Ovarian cancer (OC) accounts for approximately 4% of cancer deaths in women worldwide and is the deadliest gynecologic malignancy. High-grade serous ovarian cancer (HGSOC) is the most predominant ovarian cancer, in which BRCA1/2 gene mutation ranges from 3 to 27%. PARP inhibitors (PARPi) have shown promising results as a synthetically lethal therapeutic approach for BRCA mutant and recurrent OC in clinical use. However, emerging data indicate that BRCA-deficient cancers may be resistant to PARPi, and the mechanisms of this resistance remain elusive. We found that amplification of KRAS likely underlies PARPi resistance in BRCA2-deficient HGSOC. Our data suggest that PLK1 inhibition restores sensitivity to PARPi in HGSOC with KRAS amplification.
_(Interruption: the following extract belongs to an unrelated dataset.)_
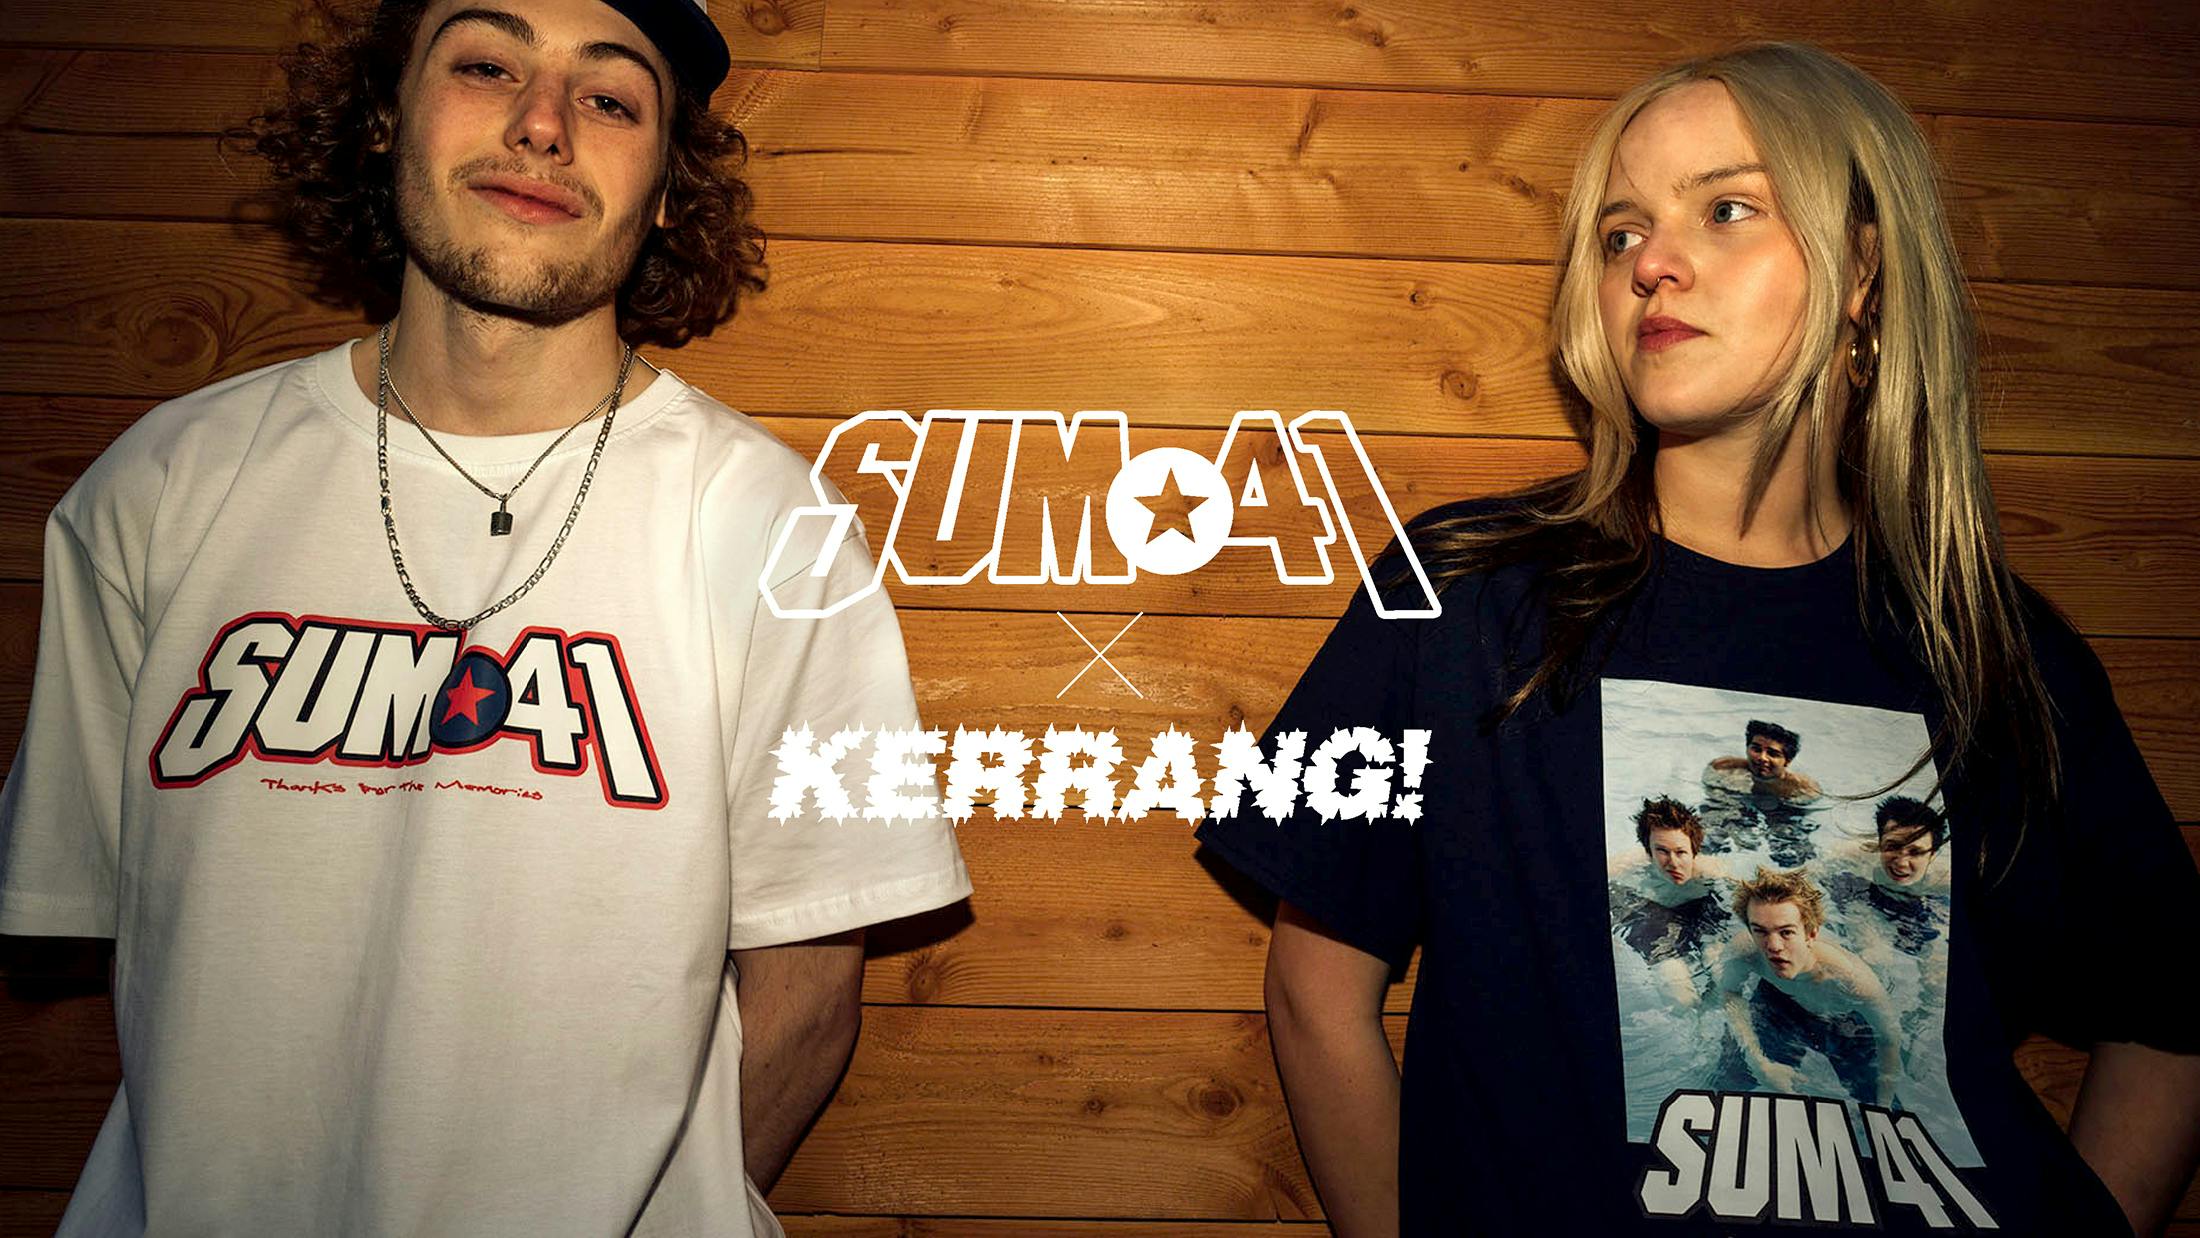 Check out the new Kerrang! x Sum 41 capsule collection

The sequential combination of PLK1 inhibitor (PLK1i) and PARPi drastically reduces HGSOC cell survival and increases apoptosis. Furthermore, we were able to show that a sequential combination of PLK1i and PARPi enhanced the cellular apoptotic response to carboplatin-based chemotherapy in KRAS-amplified resistant HGSOC cells and 3D spheroids derived from recurrent ovarian cancer patients. Our results shed new light on the critical role of PLK1 in reversing PARPi resistance in KRAS-amplified HGSOC, and offer a new therapeutic strategy for this class of ovarian cancer patients where only limited options currently exist.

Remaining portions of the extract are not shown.